Results described above indicate that, in Drosophila, NCenH3CID is involved in recruitment of BubR1, an evolutionarily conserved kinetochore protein, which is a core component of the spindle attachment checkpoint (SAC). Current models for SAC function suggest that unattached kinetochores recruit SAC components, such as BubR1, to generate a diffusible signal that delays anaphase onset. Therefore, ectopic recruitment of BubR1 could reflect formation of a functional ectopic kinetochore. This possibility, however, is highly unlikely since targeting NCenH3CID does not result in recruitment of other essential kinetochore components, including CENP-C [22], ROD [23], [24], POLO [25], and MEI-S332/Sgo [26], [27] (Figure 3). Also in agreement with this hypothesis, ectopic targeting of NCenH3CID does not induce any detectable proliferation defects (not shown), which is contrary to what would be expected if resulting in efficient formation of an ectopic kinetochore [28]. Altogether, these results argue against formation of a functional kinetochore, indicating that NCenH3CID is not sufficient by itself to support kinetochore assembly. Actually, it was recently reported that, in vertebrates, both the C-terminal and central CATD domains of CenH3CENP-A mediate interactions with two essential CCAN-components, CENP-C and CENP-N [11], [12], being, therefore, required for full kinetochore assembly.
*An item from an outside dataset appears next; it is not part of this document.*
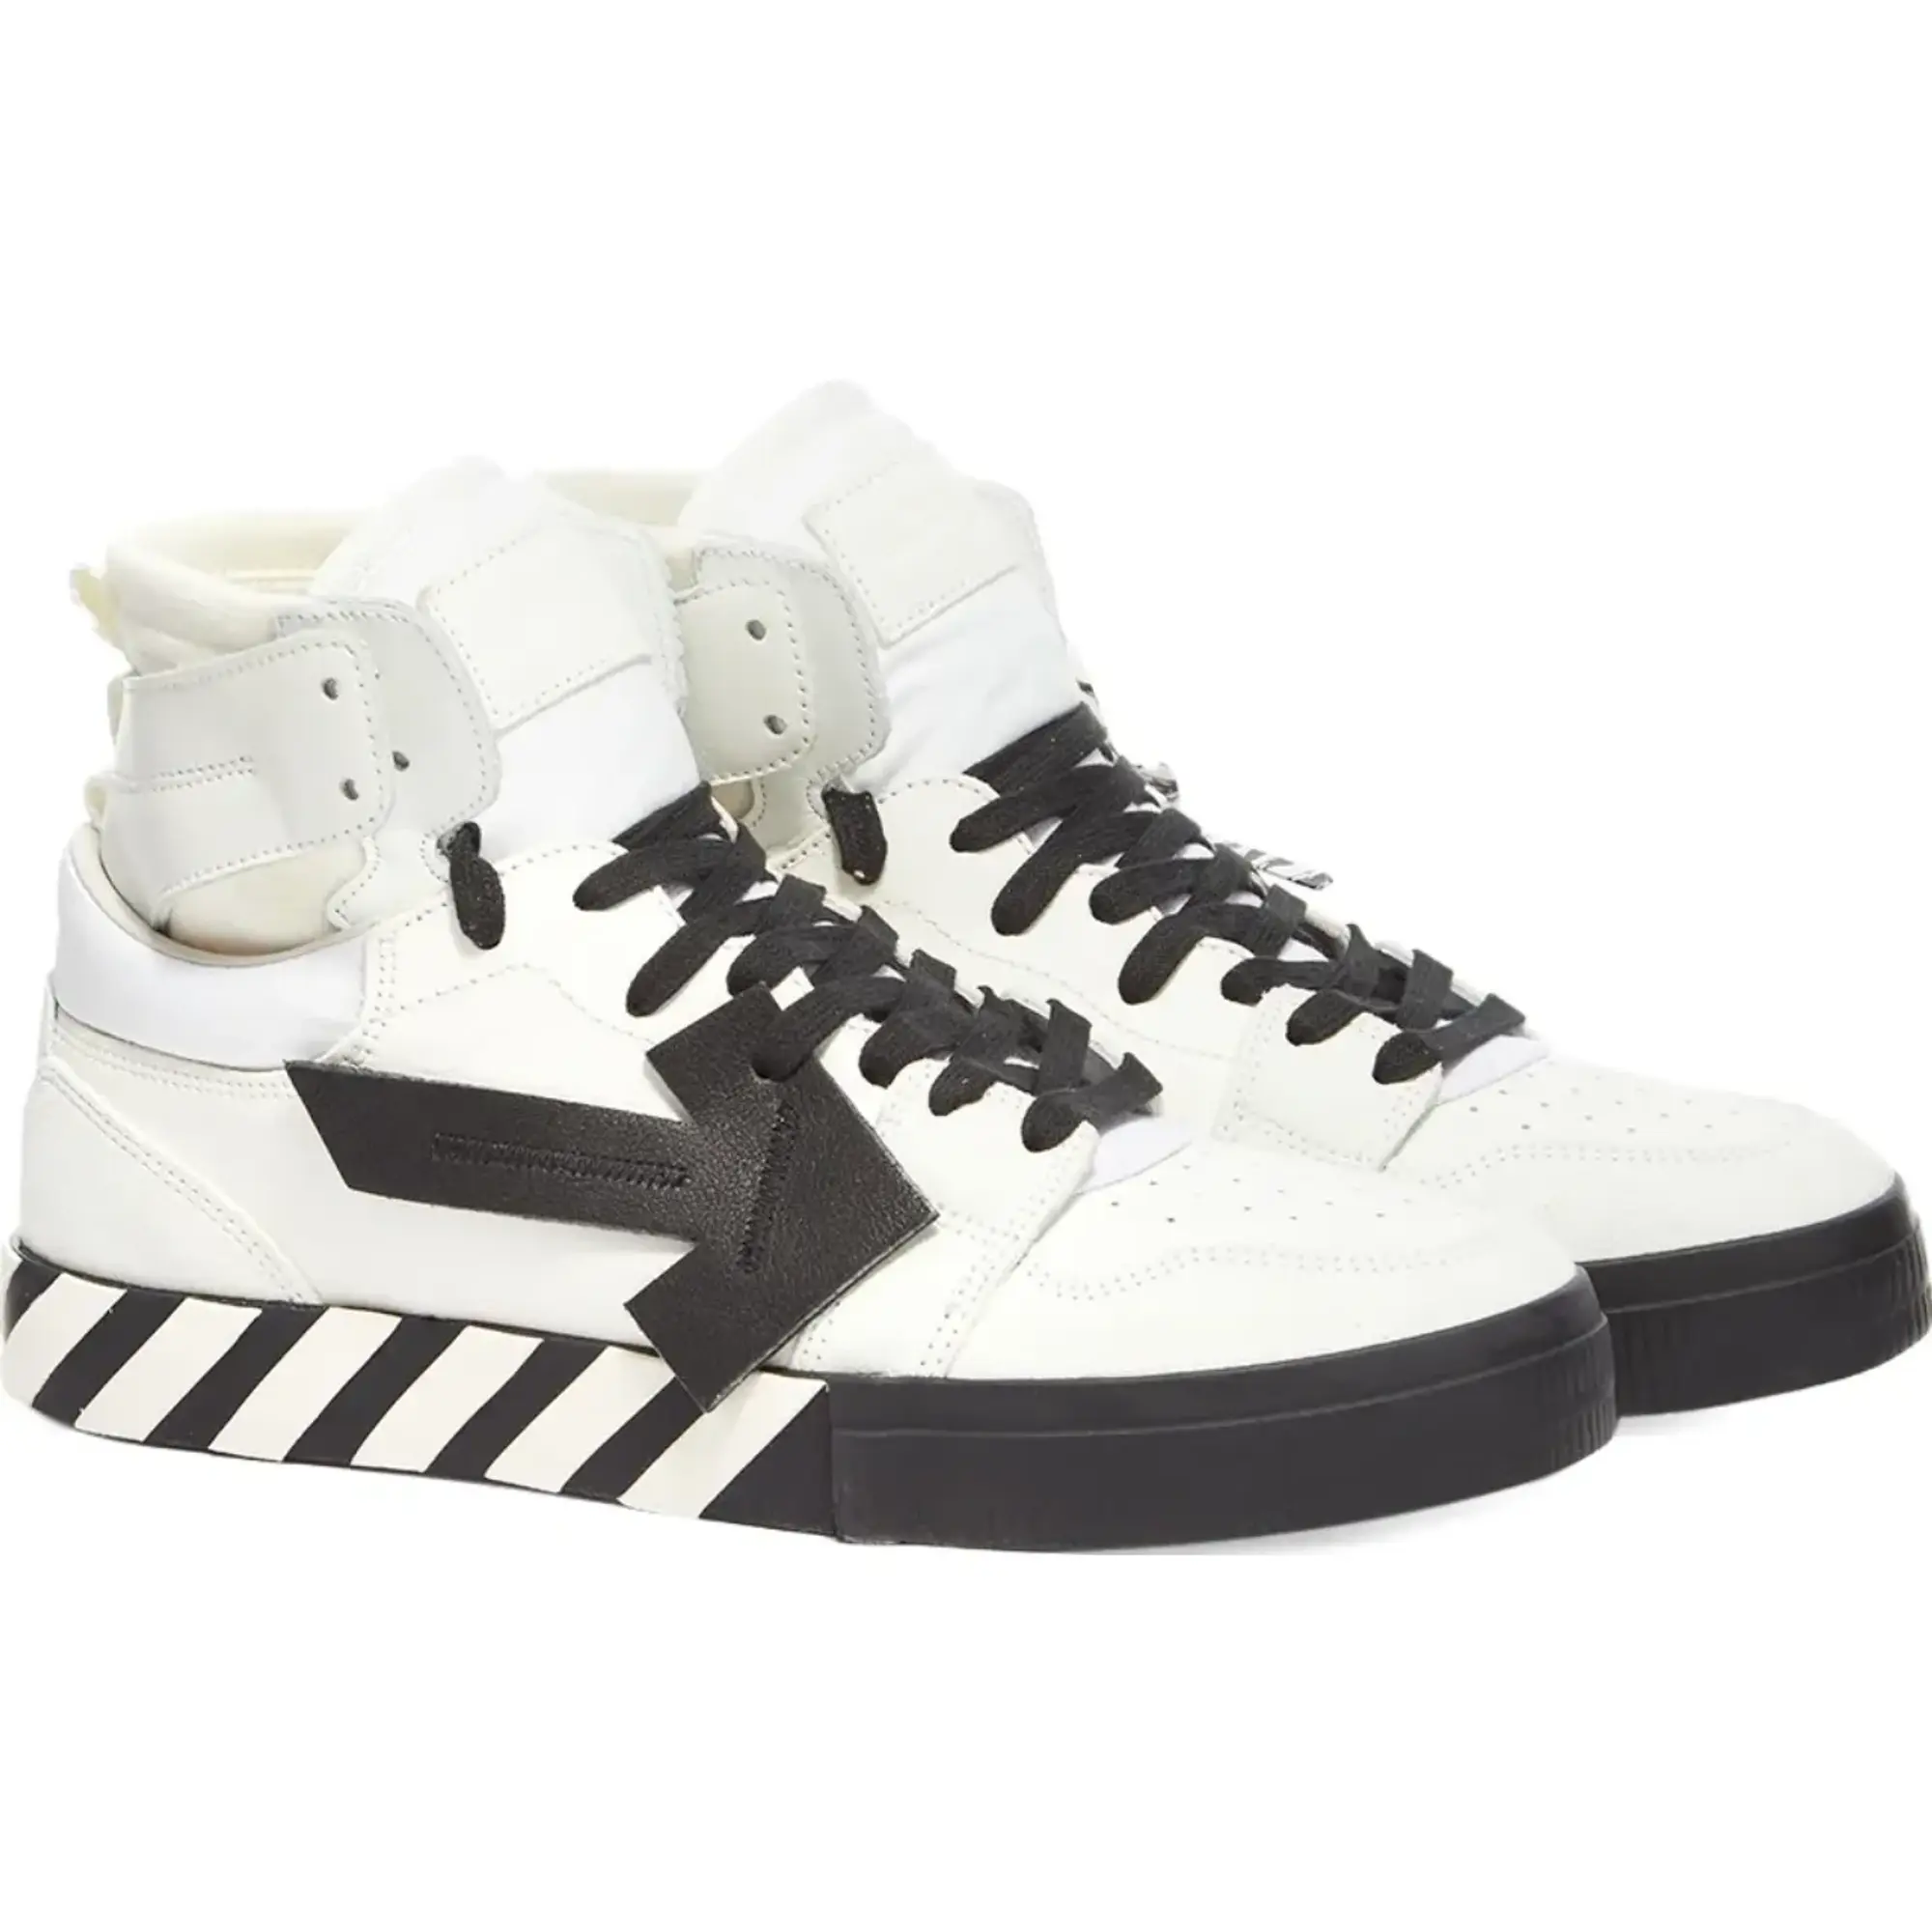 Off-White High Top Vulcanized Leather Sneaker White/Black

Silencing induced by CenH3CID depends on a simple arginine-rich sequence motif
Next, we asked about the molecular basis of the contribution of NCenH3CID to BubR1 recruitment. Within the Drosophila genus, NCenH3CID shows significant variability. However, sequence comparison of NCenH3CID from a broad group of Drosophila species [17], allowed identification of three sequence motives (B1, B2 and B3) (Figure 4A) that, being evolutionarily conserved over 25 million years, were good candidates to mediate recruitment of BubR1. To test this possibility, we performed deletion analyses, where the contribution of each conserved motif to silencing of the white-reporter was determined in ectopic targeting experiments. As shown in Figure 4, motif B3 has a major contribution, as its deletion strongly impairs silencing (Figure 4B and 4F) and is capable by itself to induce robust silencing of the reporter (Figure 4C). Moreover, deletion of motives B1 or B2 has no detectable effect on reporter silencing (Figure S3B and S3C). Motif B3 corresponds to a rather simple sequence, 119RRRKAA124, showing a peculiar enrichment in arginine (R) residues. As a matter of fact, silencing induced by NCenH3CID is strongly impaired when R-residues within B3 are replaced by alanine (A) (Figure 4D and 4F) or deleted (Figure 4E and 4F), and, concomitant to the lack of silencing, no ectopic αBubR1 signals are detected in these cases (Figure 5). Altogether, these results identify R-residues within B3 as involved in BubR1 recruitment.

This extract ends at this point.